The novel is ostensibly a diary or a memorial as Ivan calls it, written by him in a writing marathon over seventy-seven hours from December 2 to 6 in 2005.  This device creates a pacing for the novel that draws you in and makes it compelling reading. 

This is how Ivan describes himself, “I’m seventeen years old, approximately male, and I live in an asylum for mutant children.” “There are two things I’ve learned over the years about my limits:  (A) I can eventually, with enough time, sweat and sometimes blood, learn to do just about anything with only one arm (the only exception to this rule is cutting a hard-boiled egg), and (B) if there is a God, then I should thank Him for my thumb, since it is the only thing that makes (A) possible.”  His descriptions of himself and the other children in the hospital are unstintingly real, seemingly unkind and occasionally mean spirited. He has grown into an intelligent young man who has gained his knowledge of the world through voracious reading of books lovingly supplied by his favourite nurse Natalya and his social skills (or lack of) through daily life in the hospital.  As in the above self-descriptions, there is always humour mixed in with the darkness. 
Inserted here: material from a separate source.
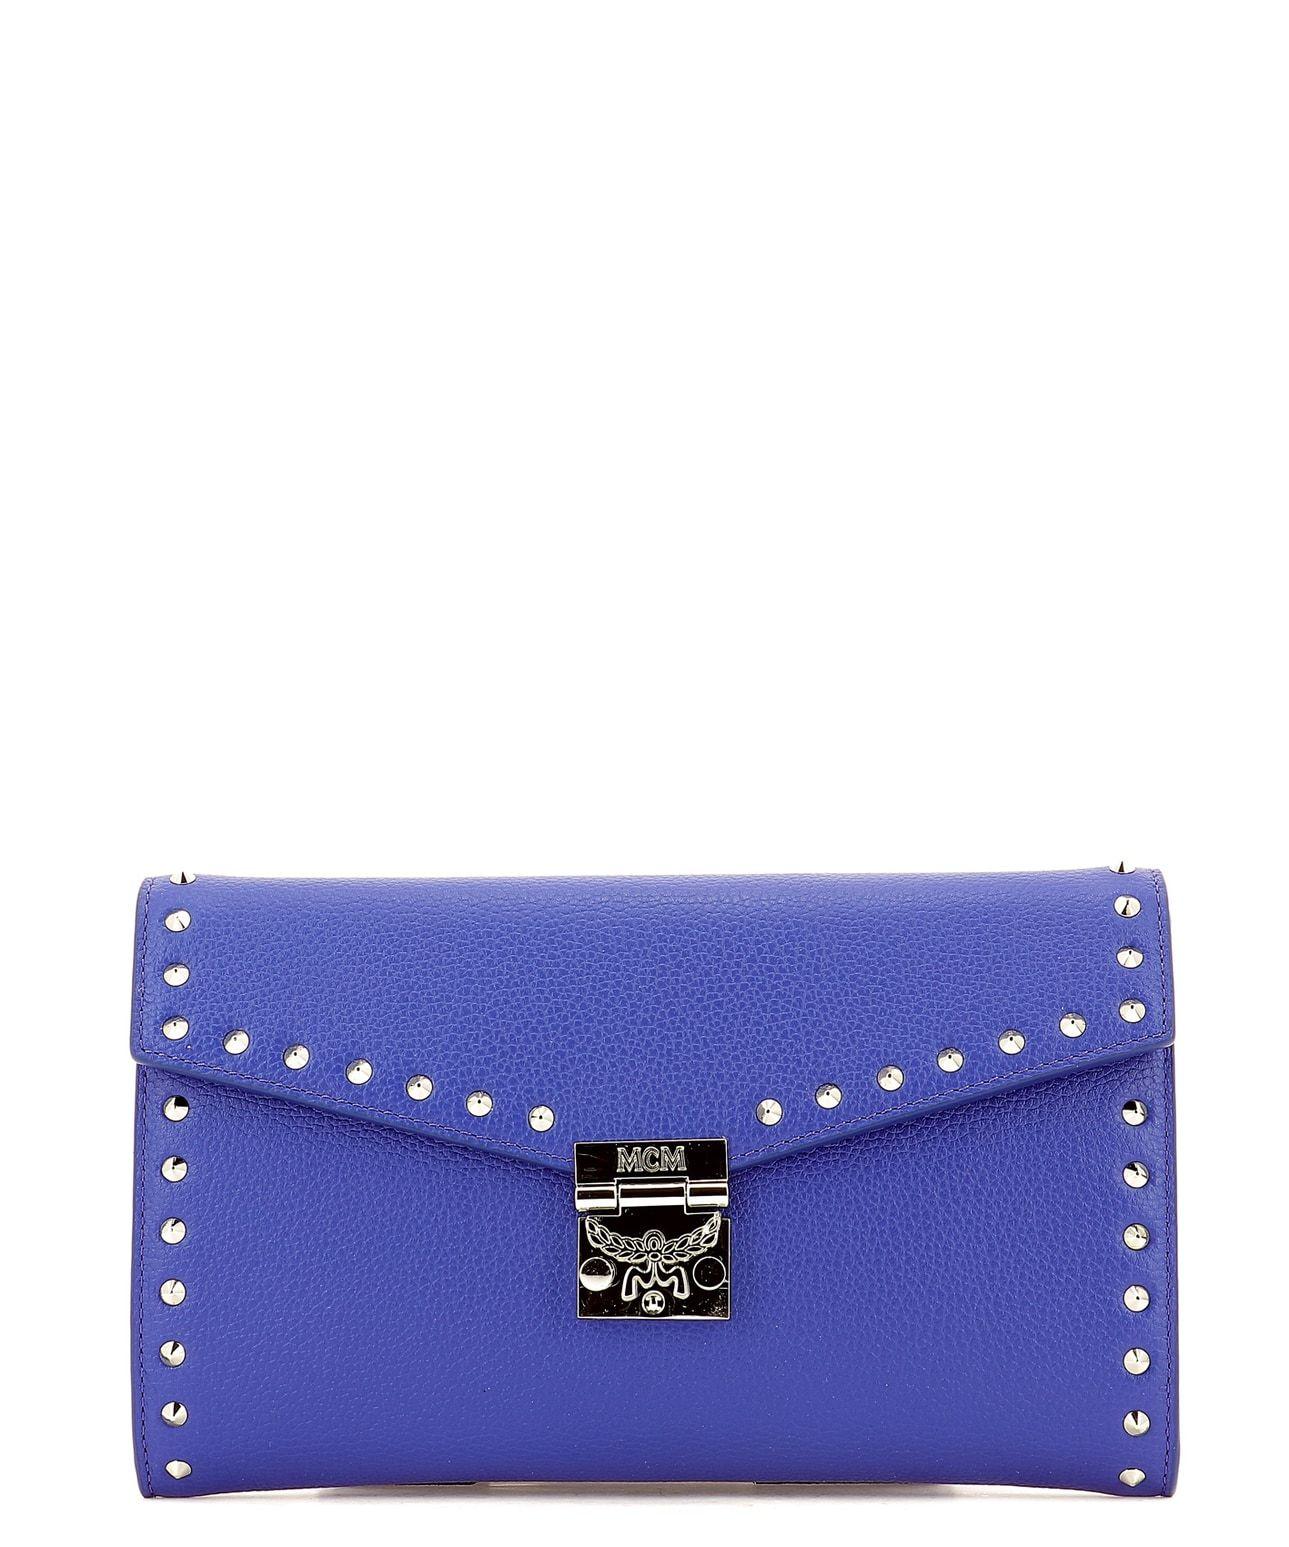 Lyst - MCM Patricia Studded Outline Park Crossbody Bag in Blue
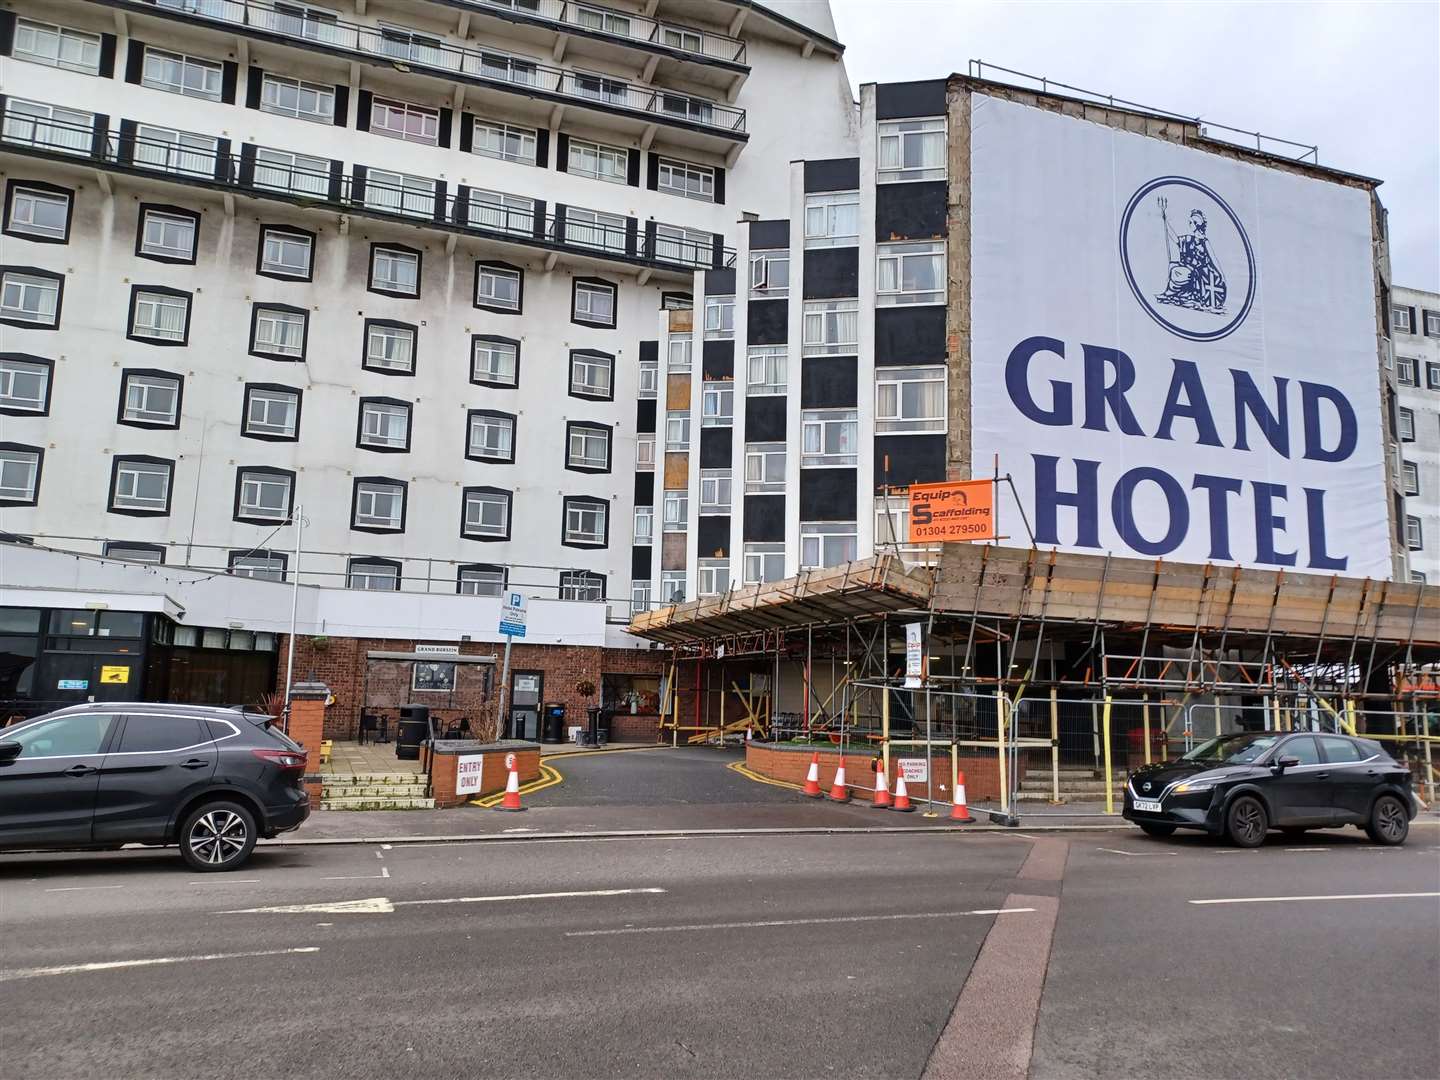 A huge material banner carrying the name Grand Hotel has appeared over the damaged frontage, where the Grand Burstin sign previously hung

In the first part of the book, we learn, through Ivan’s eyes, about the hospital, the temporary as well as long-term patients, the staff, the daily routines and about Ivan as he describes his world and attempts to create some order and meaning out of this circumscribed life.  But he is mostly an observer and a mischief maker for his own amusement.  His attempts to find his own family, his parents, particularly his mother, are both heart wrenching and humorous. 

His world changes when a new patient, Polina arrives.  She is a recently orphaned 16-year old leukemia patient who has arrived for treatment.  Ivan is drawn to her but does not know how to approach her and is very afraid of doing so.  Eventually, they do establish a tenuous connection.  They challenge each other and eventually this connection grows into a beautiful relationship and even love. Through this relationship, Ivan matures and grows, even overcoming his blood phobia to offer life and love to Polina.

The Epilogue provides a satisfying conclusion to the novel and our relationship with Ivan.

Scott Stambach’s debut novel is well worth reading and we look forward to future books with his gifts of imagination, story-telling and honest examination of life’s journeys.

 

Links on the background of the author and novel

Chernobyl Heart: https://www.youtube.com/watch?v=8ujAG_Ofj4M

Interview with Scot Stambach:

https://www.podomatic.com/podcasts/avidreader/episodes/2016-09-12T13_34_43-07_00

Chernobyl Nuclear Accident: For further background on the Chernobyl nuclear accident and various assessments and reports over the decades see https://www.unscear.org/unscear/en/chernobyl.html. In particular, note the WHO and Chernobyl Forum reports. 

You may also be interested in reading the 2006 The Other Report on Chernobyl (TORCH) http://www.chernobylreport.org/?p=summary

The novel’s timeframe is 2005. Estimated # deaths from Chernobyl, 2005 https://ourworldindata.org/grapher/estimated-number-of-deaths-from-the-chernobyl-nuclear-disaster

This site also contains comparisons between the Chernobyl and Fukashima nuclear accidents.

This spring, on the 35th anniversary of the explosion (April 26, 2021), the culmination of an eight year study examining whether genetic mutations resulting from radiation exposure are able to be passed on to offspring was published.